Let's look at an example creating the app
schema:
$database->createSchema('app')->run(); // int or string
The statement executed above is the same as the example below:
CREATE SCHEMA `app`
ALTER SCHEMA
ALTER SCHEMA makes it possible to change characteristics of a database schema.
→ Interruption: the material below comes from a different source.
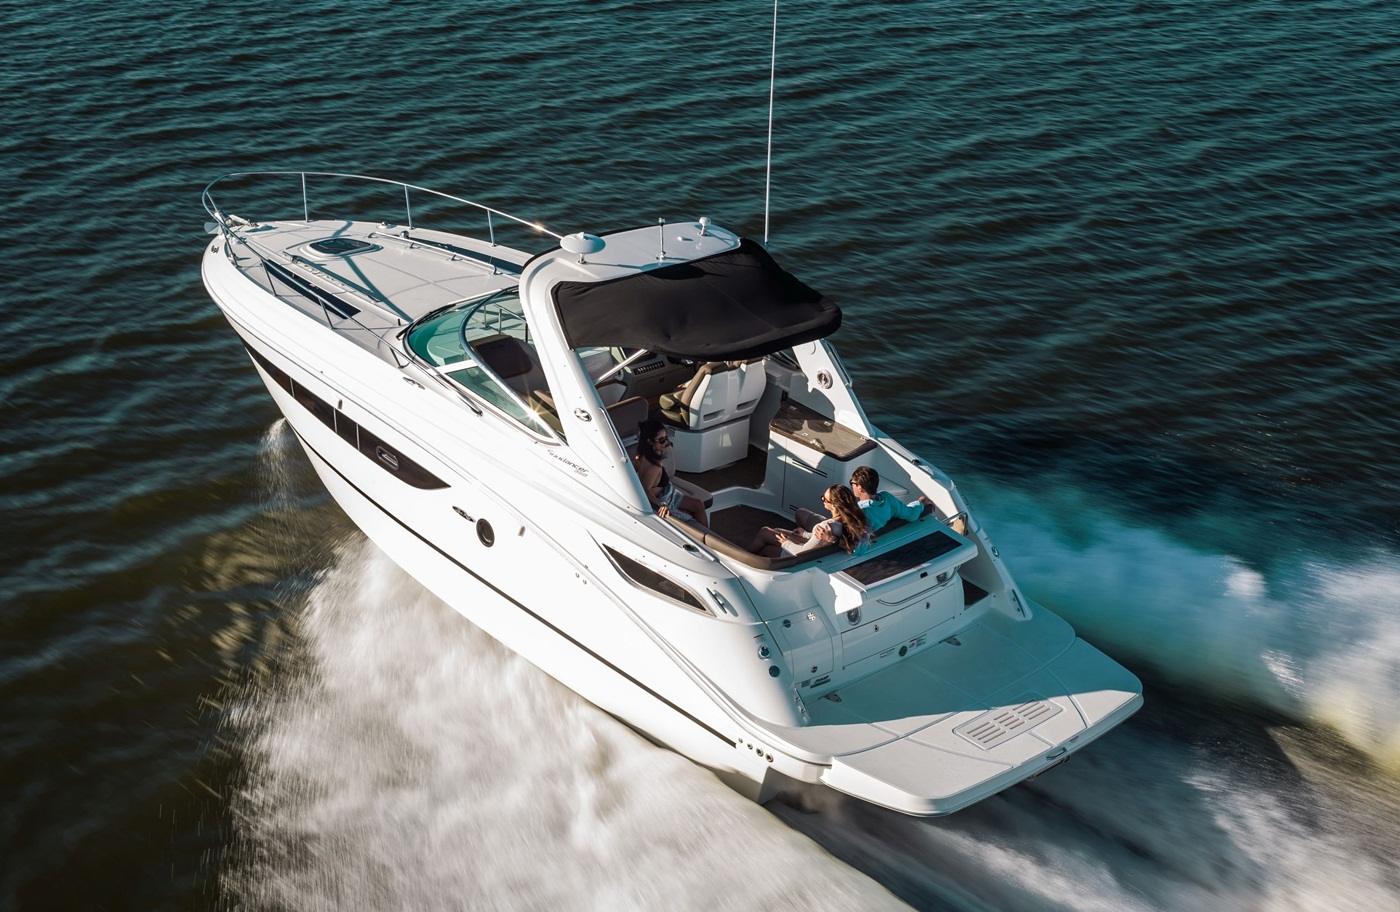 2015 Sea Ray 350 Sundancer Power Boat For Sale Www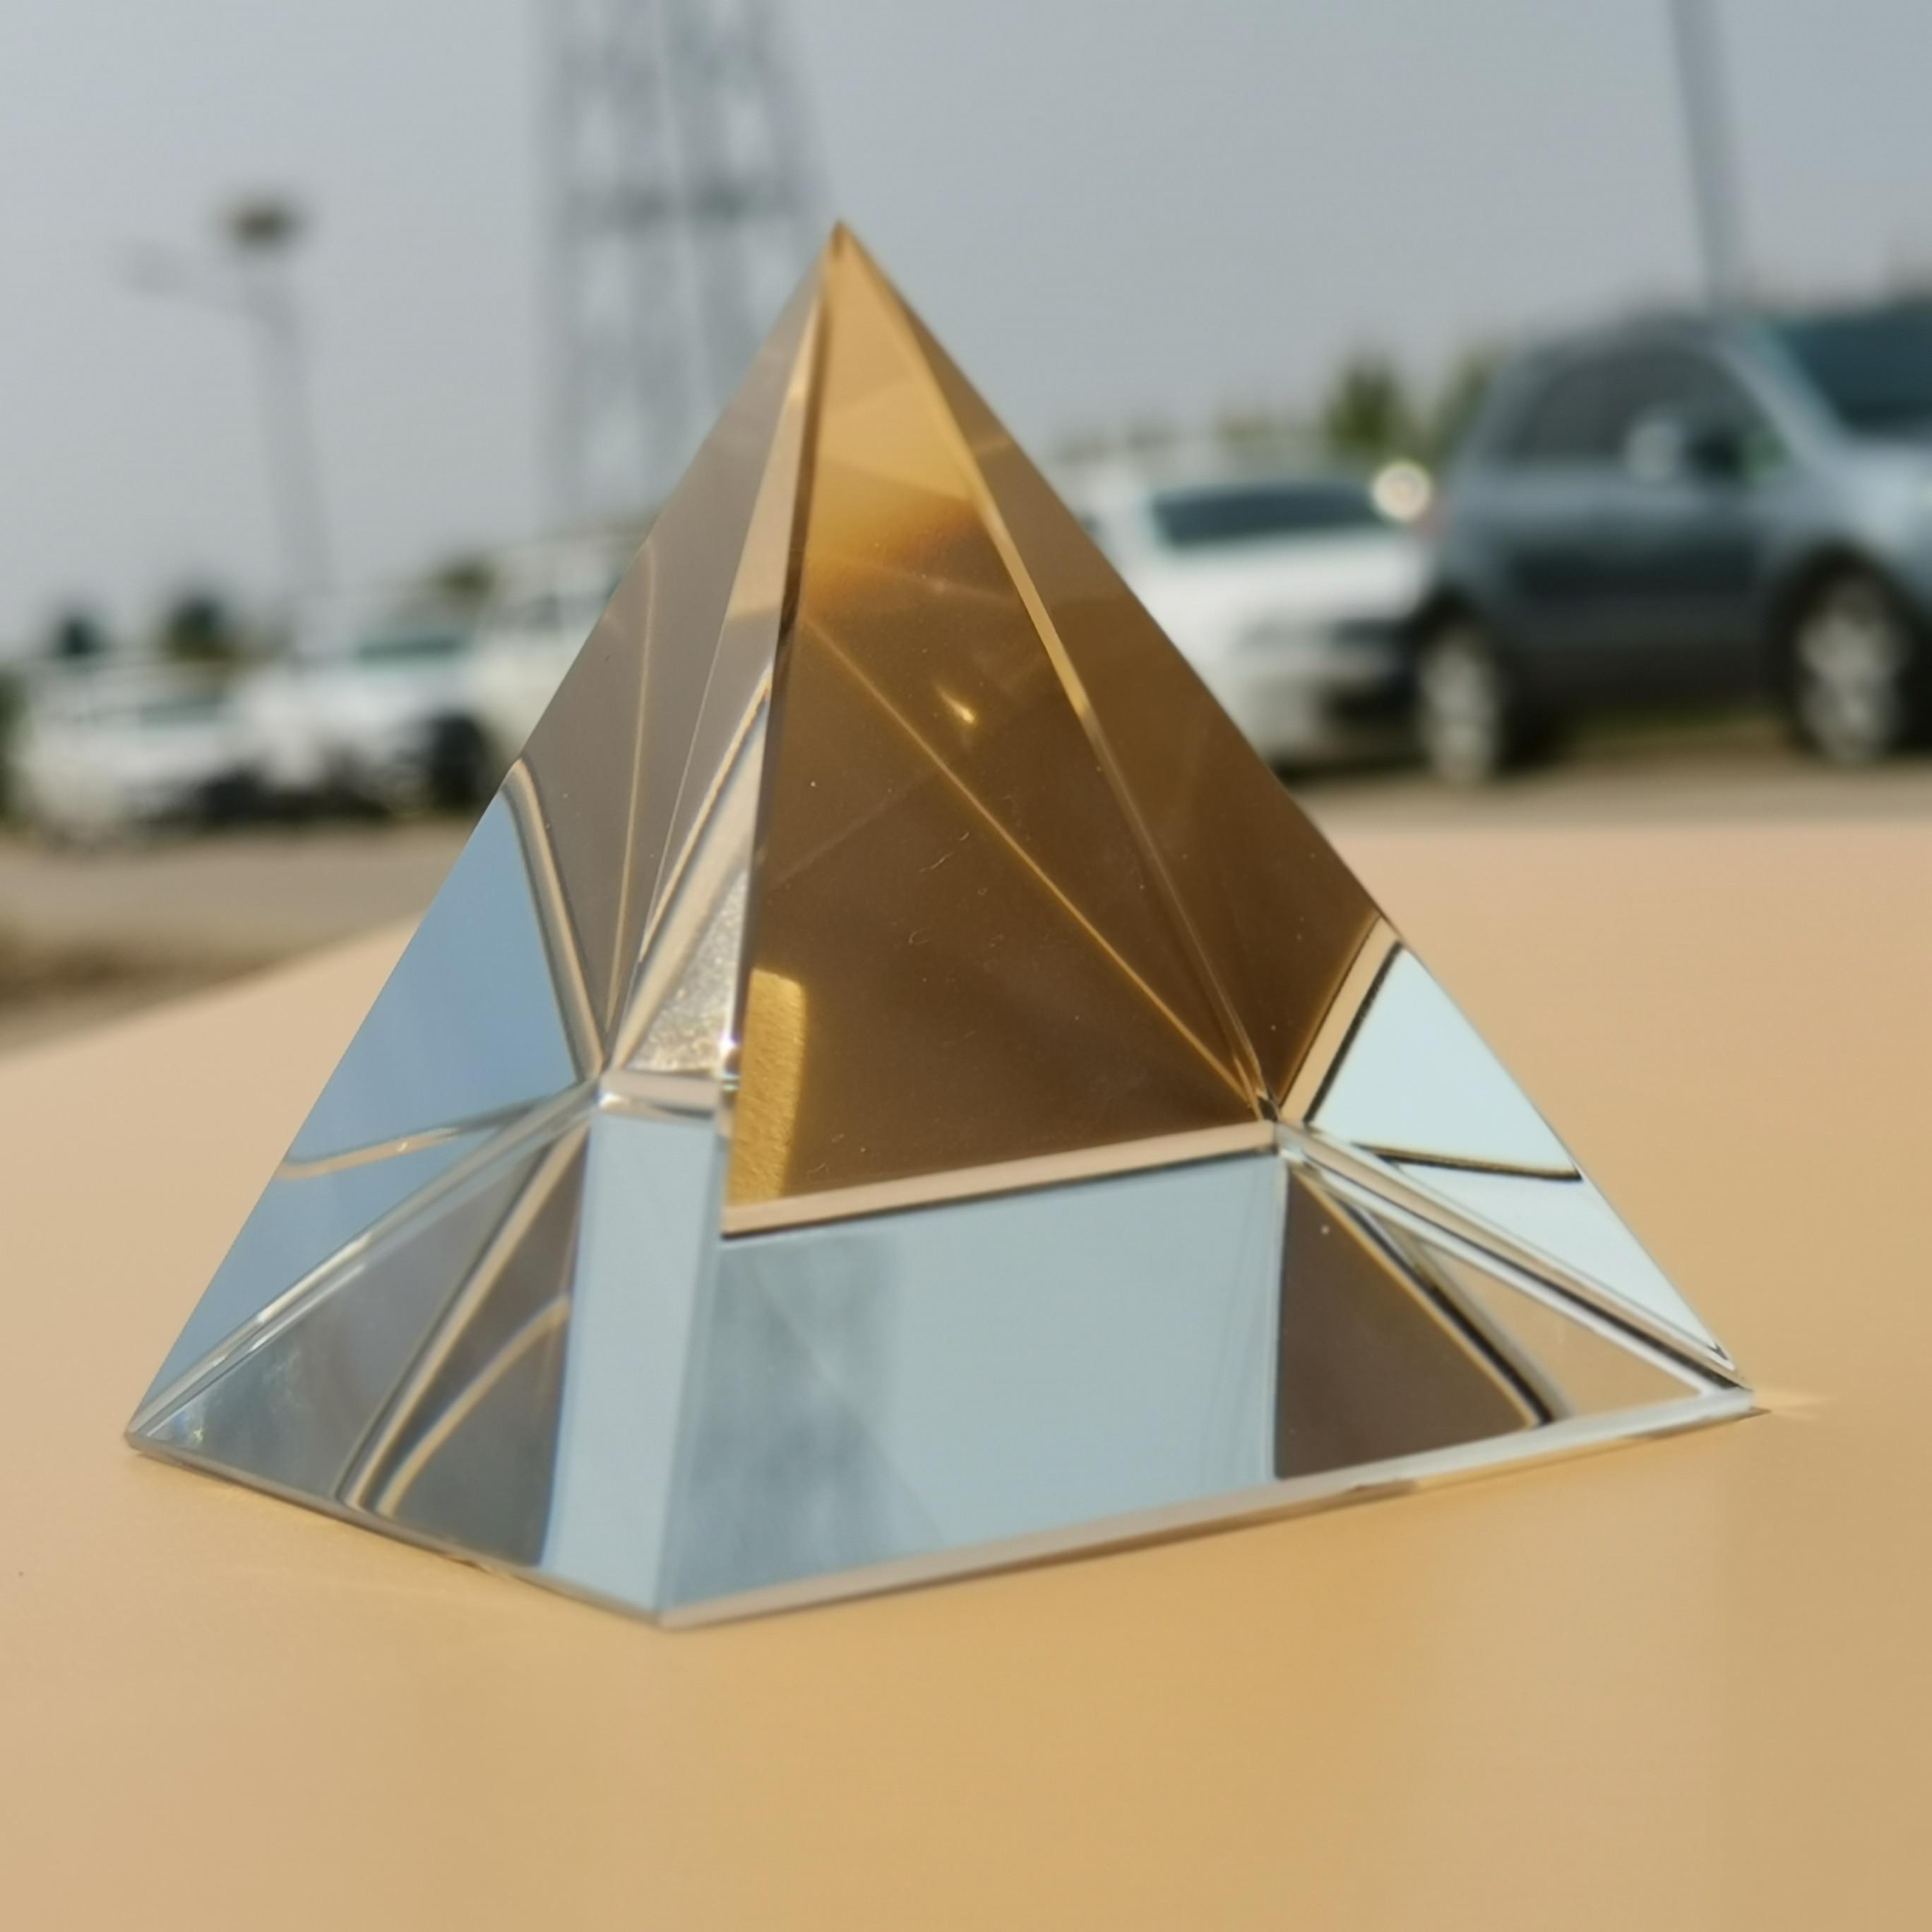 Optical Prism K9 Glass Pyramid Rainbow Crystal Photography Triangle Light Guide Science Optics Teaching SpectrumTools

Let's see, in the example below, how to change the charset of the app schema:
$database->alterSchema('app')->charset('utf8')->run(); // int or string
ALTER SCHEMA `app`
CHARACTER SET = 'utf8'
DROP SCHEMA
DROP SCHEMA drops all tables and drops the database schema.
Let's see how to remove the app schema:
$database->dropSchema('app')->run(); // int or string
DROP SCHEMA `app`
CREATE TABLE
CREATE TABLE is used to create tables within schemas.
Let's see in the example below how to create a table called Users, adding columns and indexes in it:
use Framework\Database\Definition\Table\TableDefinition;
$database->createTable('Users')
->definition(function (TableDefinition $def) {
$def->column('id')->int(11)->primaryKey();
$def->column('email')->varchar(255);
$def->column('name')->varchar(32)->null();
$def->column('type')
->enum('basic', 'premium')
->default('basic')
->comment('User type used in the authorization system');
$def->index()->uniqueKey('email');
})->run(); // int or string
The PHP example above will build and execute the following SQL:
CREATE TABLE `Users` (
`id` int(11) NOT NULL PRIMARY KEY,
`email` varchar(255) NOT NULL,
`name` varchar(32) NULL,
`type` enum('basic', 'premium') NOT NULL DEFAULT 'basic' COMMENT 'User type used in the authorization system',
UNIQUE KEY (`email`)
)
ALTER TABLE
ALTER TABLE allows you to change the structure of a table, such as adding or removing columns and indexes.
Let's look at an example adding the configs
and birthday
columns to the
Users table:
use Framework\Database\Definition\Table\TableDefinition;
$database->alterTable('Users')
->add(function (TableDefinition $def) {
$def->column('configs')->json()->default('{}');
$def->column('birthday')->date()->null()->after('name');
})->run(); // int or string
The code above will build and execute the following statement:
ALTER TABLE `Users`
ADD COLUMN `configs` json NOT NULL DEFAULT '{}',
ADD COLUMN `birthday` date NULL AFTER `name`
DROP TABLE
DROP TABLE removes one or more tables from a database schema:
$database->dropTable('Users')->run(); // int or string
DROP TABLE `Users`
Conclusion
Aplus Database Library is an easy-to-use tool for, beginners and experienced, PHP developers.
It is perfect for manipulating and defining databases quickly and securely.
The more you use it, the more you will learn.